Terascale scaling and computing will be required in the future, said Justin Rattner, Intel Senior Fellow and chief technology officer. During the next decade, mega data centers will host more than a million servers, allowing end-users to access personal data, play photo-realistic games, share real-time video and do multimedia data mining, Rattner said at the Intel Developer Forum (IDF) in San Francisco.
This new usage model will challenge the industry to deliver high-speed computing performance and terabytes of bandwidth.
One of the first prototypes chips in Intel's program is the Tflops processor. Containing 80 simple cores and operating at 3.1 GHz, the goal of this experimental chip is to test interconnect strategies for moving terabytes of data from core to core and between cores and memory, according to Intel.
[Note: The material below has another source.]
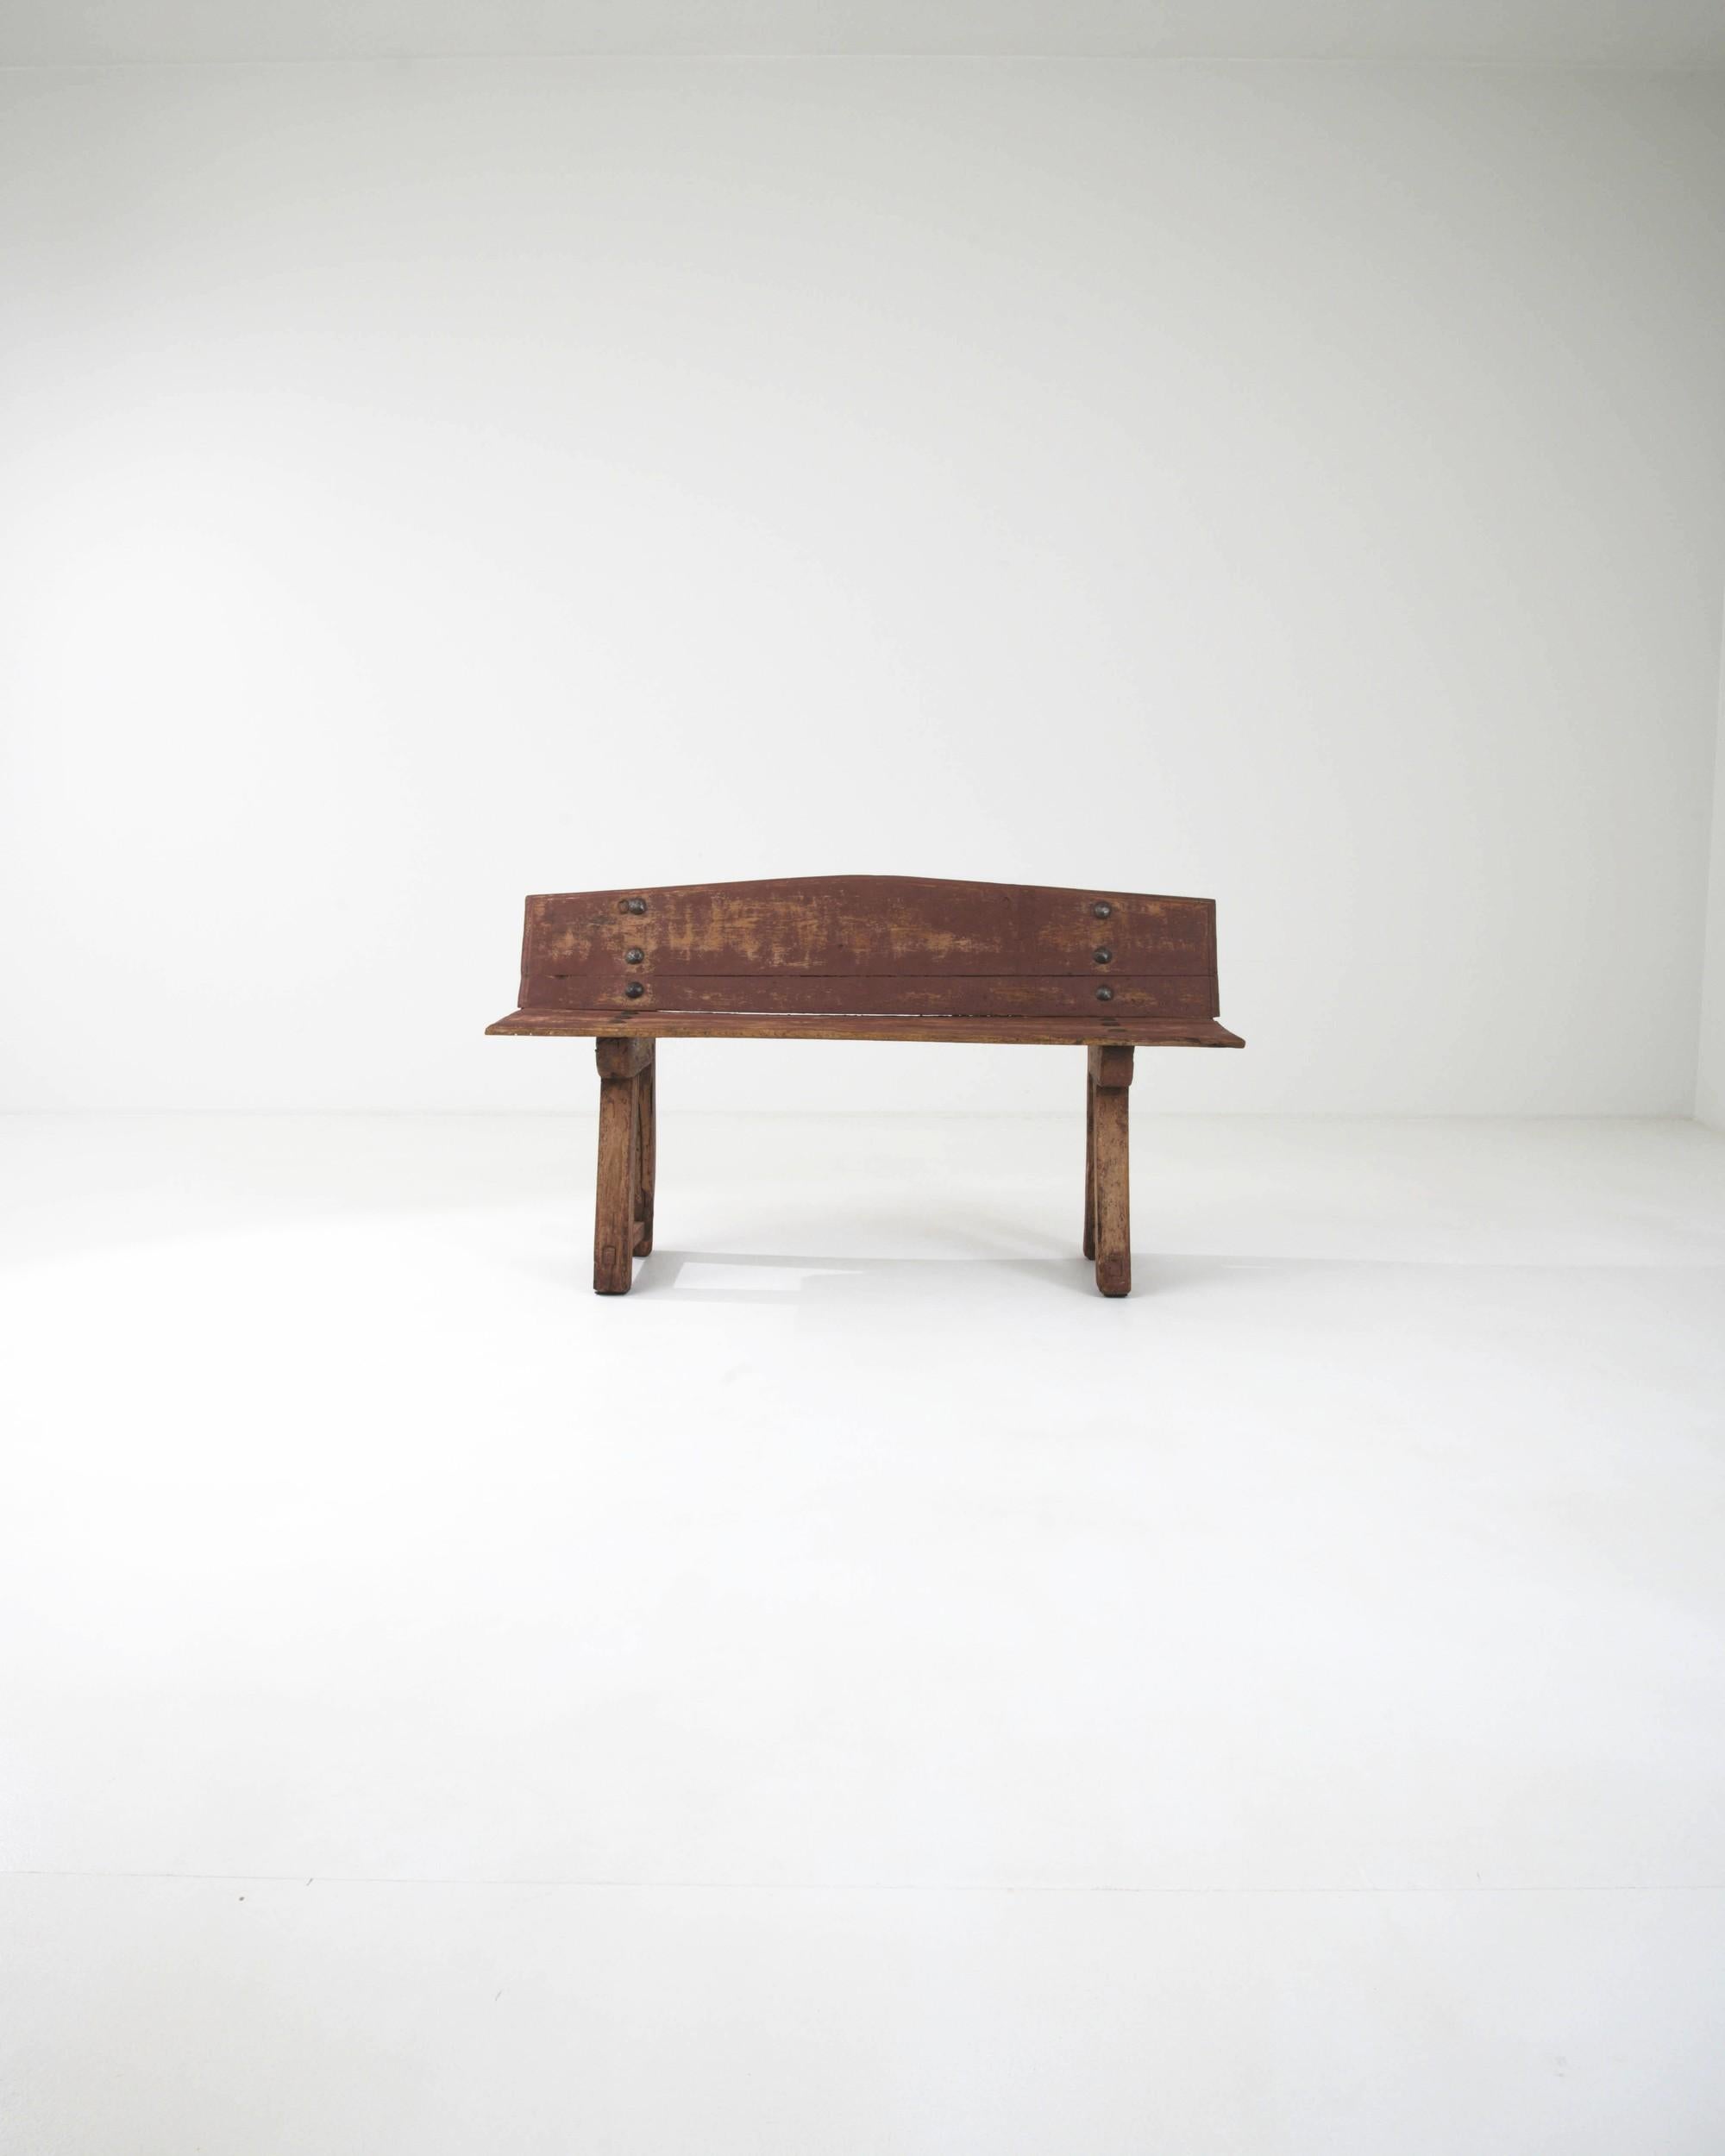 The appealing form of this rustic wooden bench gives it a timeless charm. Made in France in the early 1800s, the simple yet inviting design evokes the sunlit squares of small Provincial villages, where the townsfolk would sit to read the newspaper

Unlike existing chip designs where hundreds of millions of transistors are arranged, this chip's design consists of 80 tiles laid out in an 8- by 10-block array, according to Intel.
Each tile includes a small core, or compute element, with a simple instruction set for processing floating-point data, but the silicon is not Intel x86-based processor compatible. The tile also includes a router connecting the core to an on-chip network that links all the cores to each other and gives them access to memory.
The second major part is a 20-Mbyte SRAM memory chip that is stacked on and bonded to the processor die. Stacking the die makes possible thousands of interconnects and provides more than a terabyte-per-second of bandwidth between memory and the cores, according to Intel.
The third product is the recently announced hybrid silicon laser chip developed in collaboration with researchers at University of California at Santa Barbara. This could lead to a terabit-per-second optical link capable of speeding terabytes of data between chips inside computers, between PCs and between servers inside data centers.
"When combined with our recent breakthroughs in silicon photonics, these experimental chips address the three major requirements for terascale computing—Tflops of performance, terabytes-per-second of memory bandwidth, and terabits-per-second of I/O capacity," Rattner said in a statement. "While any commercial application of these technologies is years away, it is an exciting first step in bringing tera-scale performance to PCs and servers."